Upsert documents instead of adding per default in the indexing phase
Change-Id: Ia7fccd59ce1b6a114c8e59da69f3d132a56bc7d2
diff --git a/Changes b/Changes
index b7d9b32..b0aab67 100644
--- a/Changes
+++ b/Changes
@@ -1,4 +1,4 @@
-0.58.5 2019-03-04
+0.58.5 2019-03-06
- [bugfix] Fix bug where duplicate keys occured in
field data output (diewald)
- [bugfix] Fix bug where fields already set where lifted
@@ -8,6 +8,9 @@
by adding indexCreationDate and indexLastModified field
(diewald)
- [bugfix] Fixed #50 multiple timeout warnings (margaretha)
+ - [feature] Instead of adding, the Indexer now upserts documents
+ to avoid multiple documents with the same text sigle
+ (diewald)
0.58.4 2019-02-05
- [cleanup] Remove deprecated methods setLicense/getLicense,
diff --git a/src/main/java/de/ids_mannheim/korap/KrillIndex.java b/src/main/java/de/ids_mannheim/korap/KrillIndex.java
index 7c9a19d..540db59 100644
--- a/src/main/java/de/ids_mannheim/korap/KrillIndex.java
+++ b/src/main/java/de/ids_mannheim/korap/KrillIndex.java
@@ -485,6 +485,20 @@
return this.addDoc(doc);
};
+
+
+ /**
+ * Update a document in the index as a {@link FieldDocument}
+ * if it already exists (based on the textSigle), otherwise
+ * insert it to the index.
+ *
+ * @param json
+ * The JSON document to add to the index.
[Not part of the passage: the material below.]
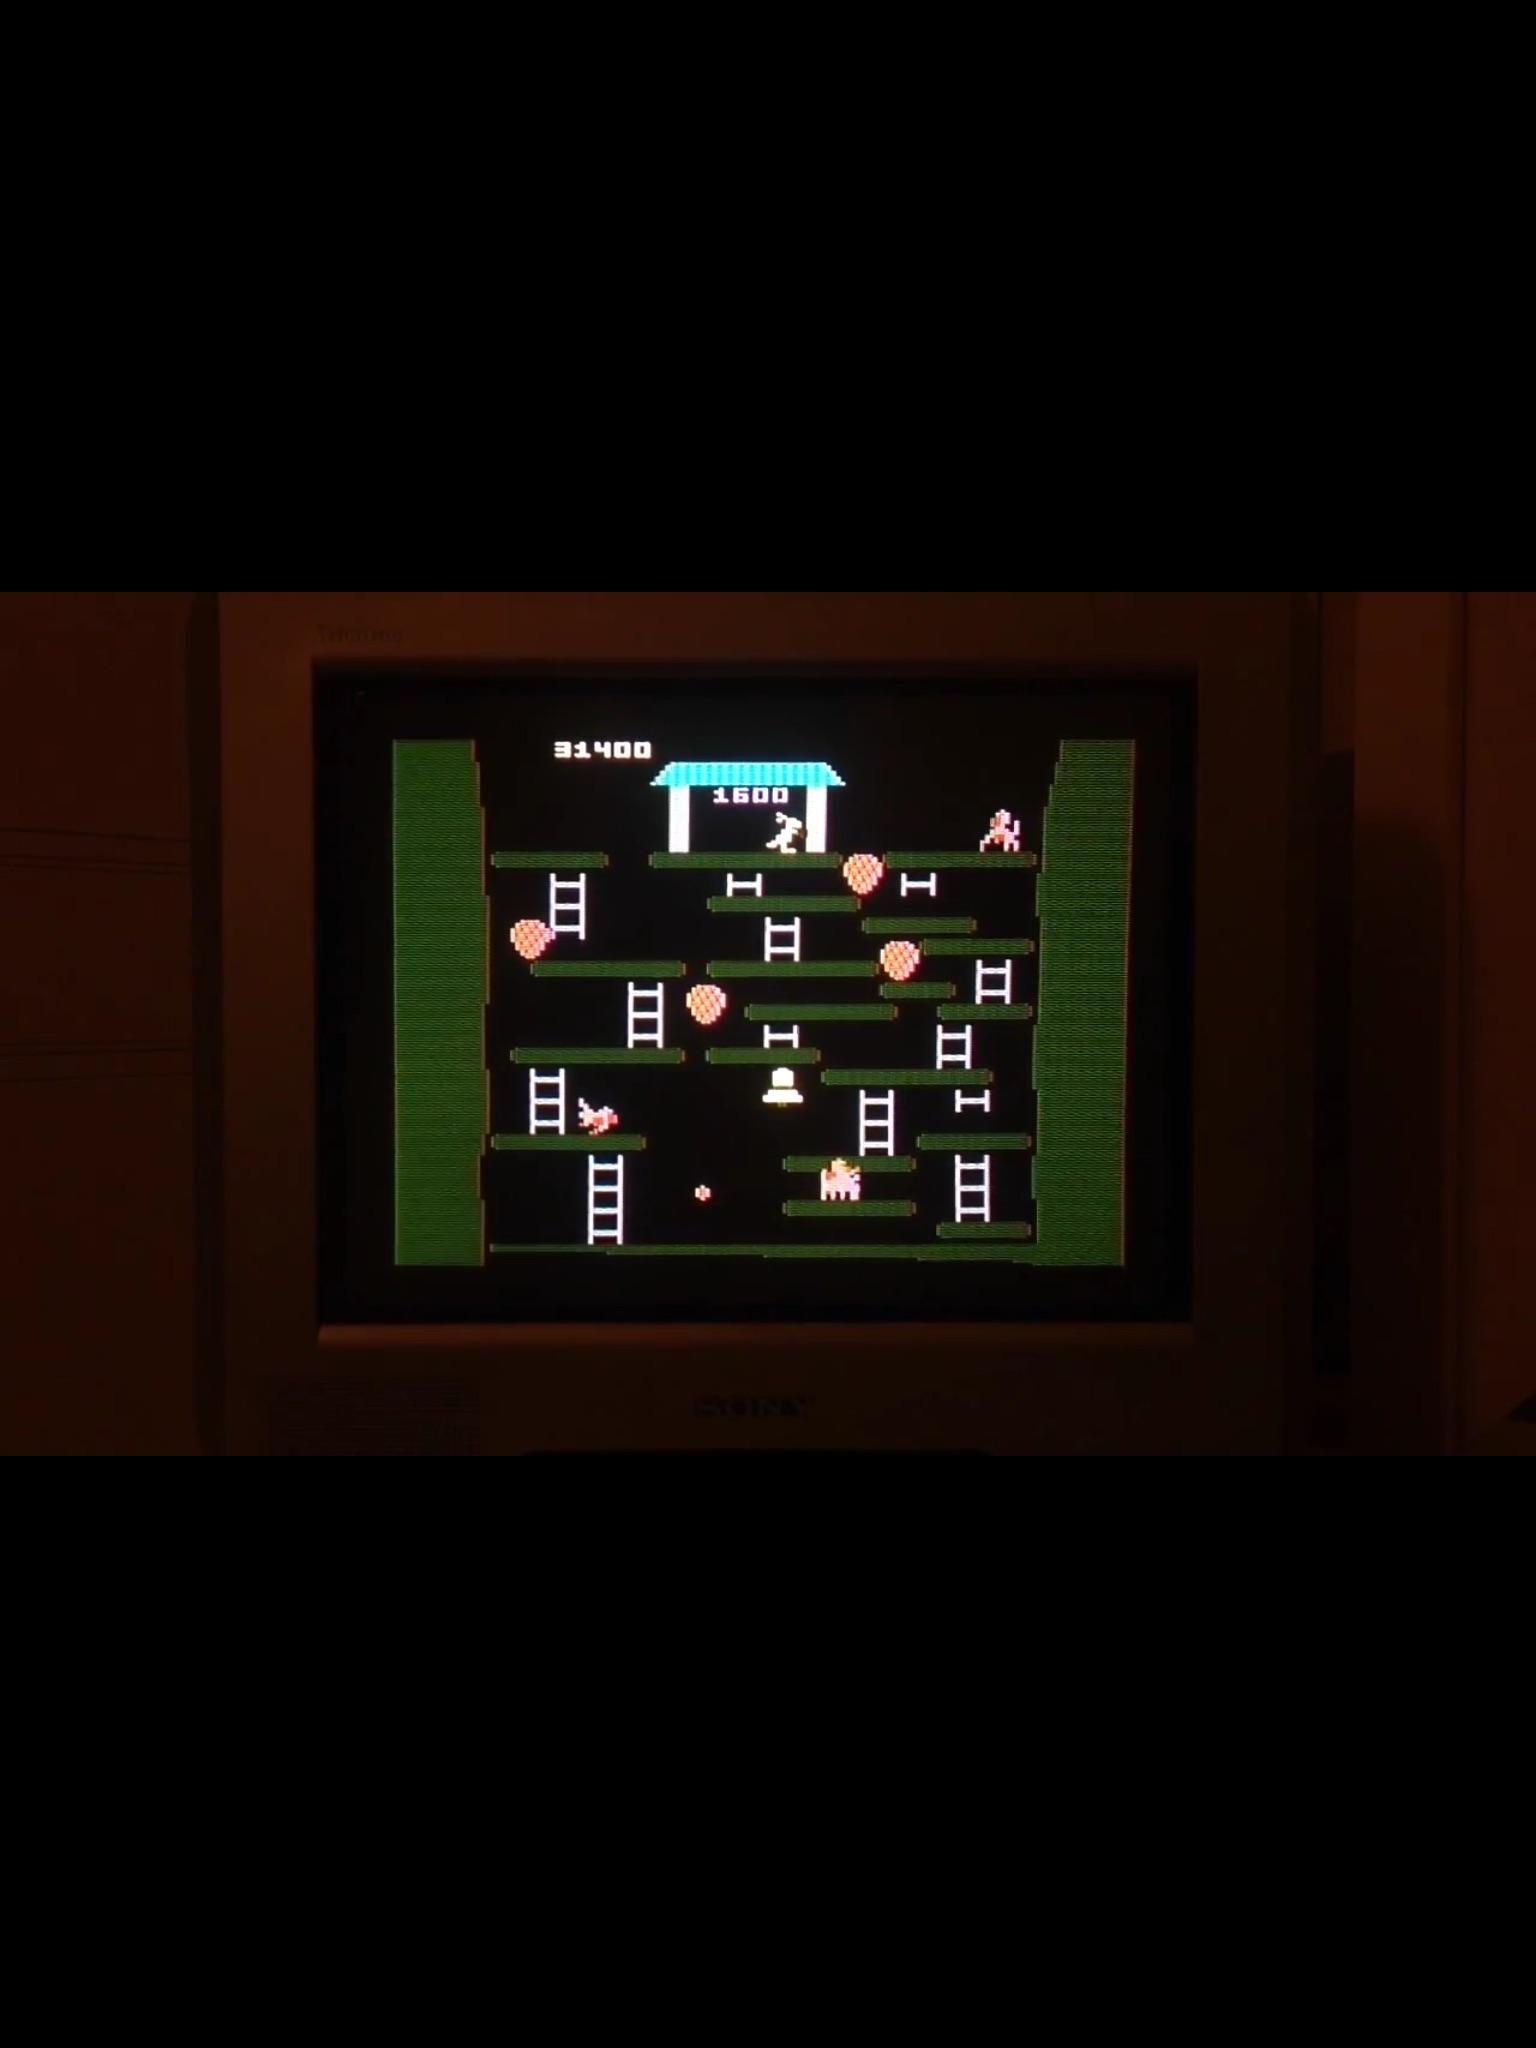 CoCoForest: Kangaroo: Advanced (Atari 5200) 31,400 points on 2015-01-17 12:06:10

+ * @return The {@link FieldDocument}.
+ */
+ public FieldDocument upsertDoc (InputStream json, boolean gzip) {
+ return this.upsertDoc(_fromFile(json, gzip));
+ };
/**
@@ -622,7 +636,7 @@
public FieldDocument addDoc (InputStream json, boolean gzip) {
return this.addDoc(_fromFile(json, gzip));
};
-
+
/**
* Add a document to the index as a JSON string
diff --git a/src/main/java/de/ids_mannheim/korap/index/Indexer.java b/src/main/java/de/ids_mannheim/korap/index/Indexer.java
index 0967860..005ac2e 100644
--- a/src/main/java/de/ids_mannheim/korap/index/Indexer.java
+++ b/src/main/java/de/ids_mannheim/korap/index/Indexer.java
@@ -57,6 +57,7 @@
private int commitCount;
private static String path = null;
+ private static boolean addInsteadOfUpsert = false;
private Pattern jsonFilePattern;
// Init logger
@@ -103,14 +104,24 @@
matcher = jsonFilePattern.matcher(file);
if (matcher.find()) {
file = dir.getPath() + '/' + file;
- log.info("Adding " + file + " to the index. ");
try {
- if (this.index.addDoc(new FileInputStream(file),
- true) == null) {
- log.warn("fail.");
- continue;
+ if (addInsteadOfUpsert) {
+ log.info("Add " + file + " to the index. ");
+ if (this.index.addDoc(new FileInputStream(file),
+ true) == null) {
+ log.warn("fail.");
+ continue;
+ }
}
+ else {
+ log.info("Add or update " + file + " to the index. ");
+ if (this.index.upsertDoc(new FileInputStream(file),
+ true) == null) {
+ log.warn("fail.");
+ continue;
+ };
+ };
this.count++;
if (DEBUG){
log.debug("Finished adding files. (" + count + ").");
@@ -175,14 +186,17 @@
.desc("index output directory (defaults to "
+ "krill.indexDir in the configuration.")
.hasArg().argName("output directory").build());
+ options.addOption(Option.builder("a").longOpt("addInsteadofUpsert")
+ .desc("Always add files to the index, never update")
+ .build());
+
CommandLineParser parser = new DefaultParser();
String propFile = null;
String[] inputDirectories = null;
try {
CommandLine cmd = parser.parse(options, argv);
-
log.info("Configuration file: " + cmd.getOptionValue("c"));
propFile = cmd.getOptionValue("c");
log.info("Input directories: "
@@ -193,12 +207,16 @@
log.info("Output directory: " + cmd.getOptionValue("o"));
path = cmd.getOptionValue("o");
}
+
+ if (cmd.hasOption("a")) {
+ addInsteadOfUpsert = true;
+ };
}
catch (MissingOptionException e) {
HelpFormatter formatter = new HelpFormatter();
formatter.printHelp(
"Krill indexer\n java -jar -c <properties file> -i <input directories> "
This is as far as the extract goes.